Flash Alert: December 18, 2007
This month, two more Canadian income trusts joined the 37 trusts increasing distributions since Halloween 2006. That’s a sure sign they’re still thriving during the current trial by fire and that they intend to keep paying outsized yields well past 2011.
In the Conservative Portfolio, Macquarie Power & Infrastructure (MPT.UN, MCQPF) boosted its payout a modest 2 percent to an annual rate of CAD1.05 per share. The increase was a pleasant surprise to me because it came in the aftermath of a rather high third quarter payout ratio for the trust.
The boost is a clear sign the trust’s portfolio continues to run well. Moreover, it comes at the same time the trust prepaid a USD22 million loan, cutting debt and eliminating its remaining foreign exchange exposure.
Both are a plus for cash flow going forward and point to more increases in the already generous dividend of nearly 12 percent. Macquarie Power & Infrastructure is squarely on the bargain counter and a solid buy up to USD12.
In the Aggressive Portfolio, Vermilion Energy Trust (VET.UN, VETMF) became the first conventional oil and gas producer trust to boost its dividend since Halloween 2006. The 12-percent increase is the first in the trust’s history and reflects steady production gains on four continents and conservative financial policies that have consistently kept debt low and the payout ratio at less than 50 percent.
The move also signals something else about Vermilion: Management plans to keep it as a dividend-paying entity well after 2011, and its well-run operations and trust tax-exempt overseas income ensure its ability to do that. Moreover, the trust has clearly been able to protect itself against falling natural gas prices in North America and to insulate itself against the possibility of falling oil prices in early 2008.
All these are excellent reasons to buy Vermilion Energy Trust up to USD40. In fact, alone of the oil and gas producer trusts, it’s actually worthy of a switch to the Conservative Portfolio.
The Cut
The other dividend action in the Canadian Edge portfolios was a reduction by Advantage Energy Income Fund (AVN.UN, NYSE: AAV).
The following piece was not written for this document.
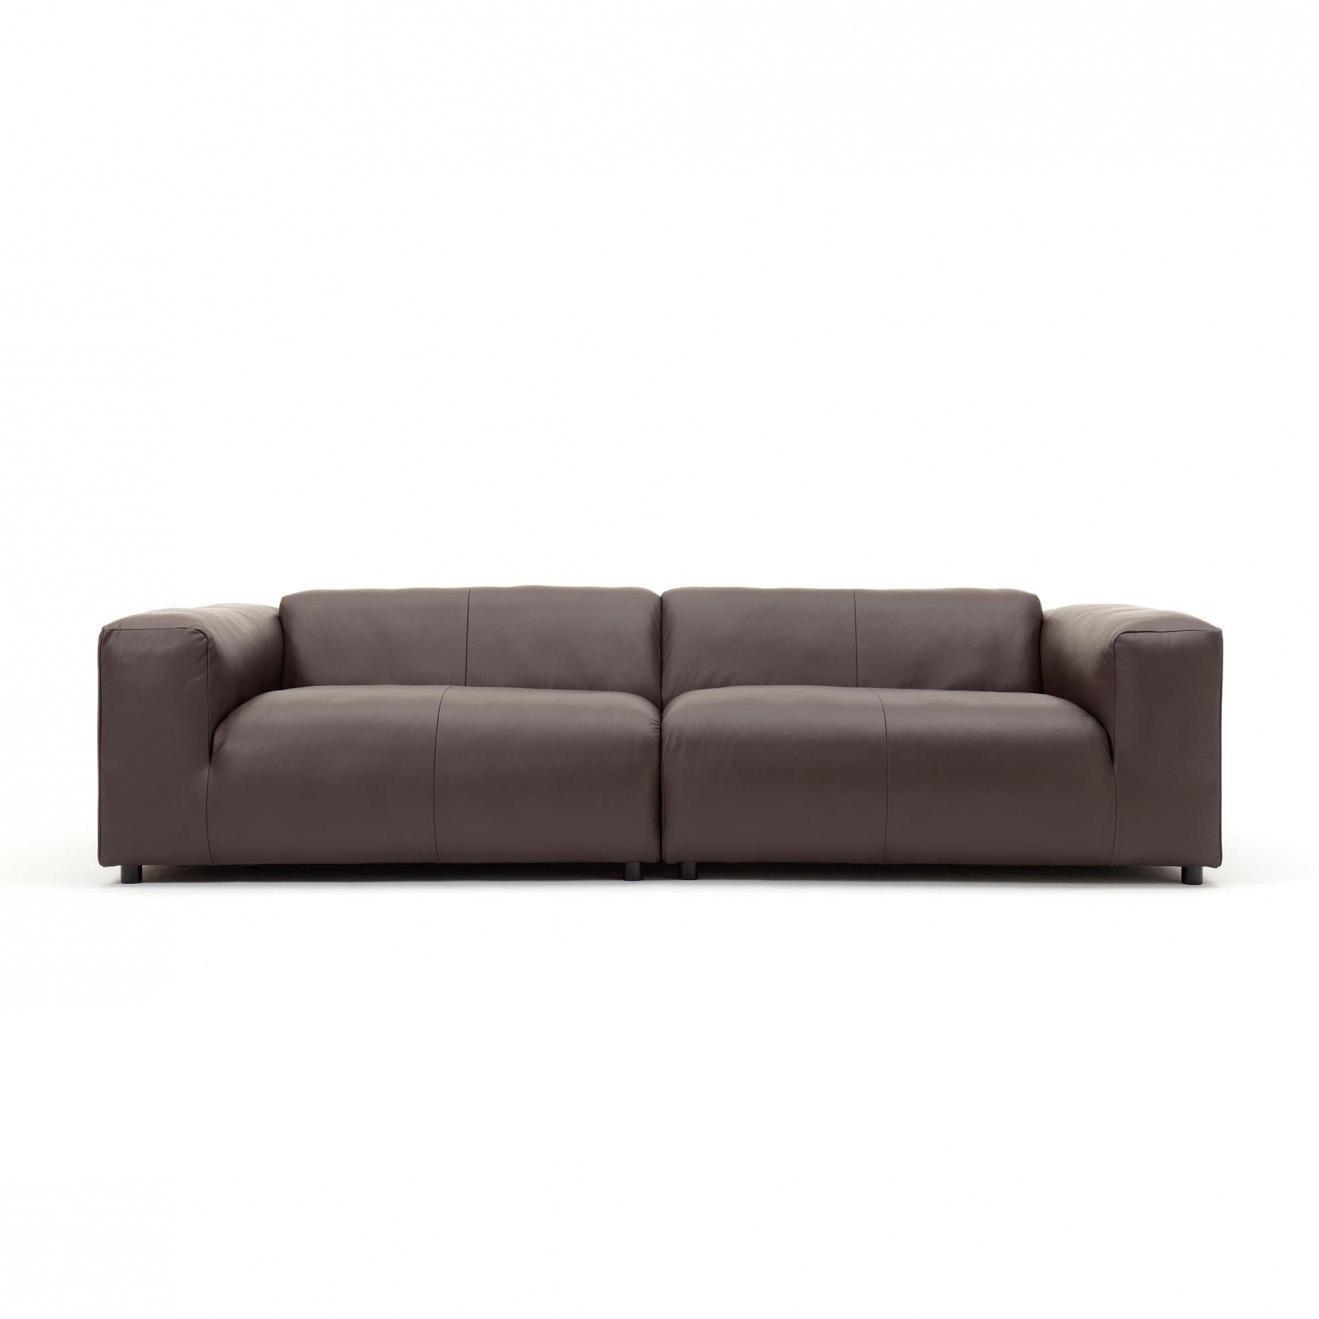 rolf benz freistil sofa no 180 bradington truffle review 187 3 seater leather ambientedirect 300x67x110cm

The cut from a monthly rate of 18 cents Canadian to 15 cents Canadian a share wasn’t wholly unexpected, given the trust’s heavy exposure to natural gas production. It was also fairly well priced in by the market, though there’s been some residual selling.
As I’ve said, dividend cuts come with the territory when you buy and hold oil and gas producers or energy service trusts. And I’m willing to hold onto a producer/services trust that cuts its dividend, provided there are numbers verifying the underlying business is still solid.
I’ve been dead wrong on natural gas prices for more than a year now. Advantage is less vulnerable than other Aggressive Portfolio holdings, such as Paramount Energy Trust (PMT.UN, PMGYF). But it’s still going to be challenged as long as gas prices stay weak.
My view is that gas prices will recover in 2008, either on a return to normal weather or as US utilities start to fire up massive natural gas-fired power plants. The rush to use gas for power plants should really accelerate as future carbon-dioxide regulation comes into focus. (Gas emits less than half the carbon of chief rival coal.)
That will take time, however, and we want to be sure Advantage will be around to benefit. The good news is the cuts are part of a plan that appears to ensure the trust will continue to operate profitably while gas prices remain low.
The recently acquired Sound Energy properties are now integrated, and capital spending is far more balanced between natural gas (55 percent) and light oil (45 percent) than in memory. That should bring current production of 62 percent gas into better balance as well.
With the cut, Advantage’s payout ratio will decline to a more sustainable 70 to 75 percent. That will also aid debt servicing, which is more under control than it’s been for a while.
As I’ve pointed out, investors seem to have forgotten that just a couple months ago Abu Dhabi’s national energy company TAQA offered 40 percent over market value in cash to take over PrimeWest Energy Trust (PWI.UN, NYSE: PWI). And TAQA didn’t walk away from its offer, despite the recent market slide and some initial political opposition in Canada.
After sliding in the wake of the distribution cut, Advantage now trades well under book value, making it a prime target for a similar deal. My guess is we won’t have to wait long for the sharks to start circling. Advantage Energy Income Fund is a buy up to USD14 for those who don’t already own it.
Remember, my advice is to never try to double down on a falling stock. You may catch a bottom, but with double the money at stake, there’s too much potential to get emotional. If you already own Advantage, there are plenty of other battered gas plays to bet on. That way, you’ll diversify your risk and get the same bang for your buck.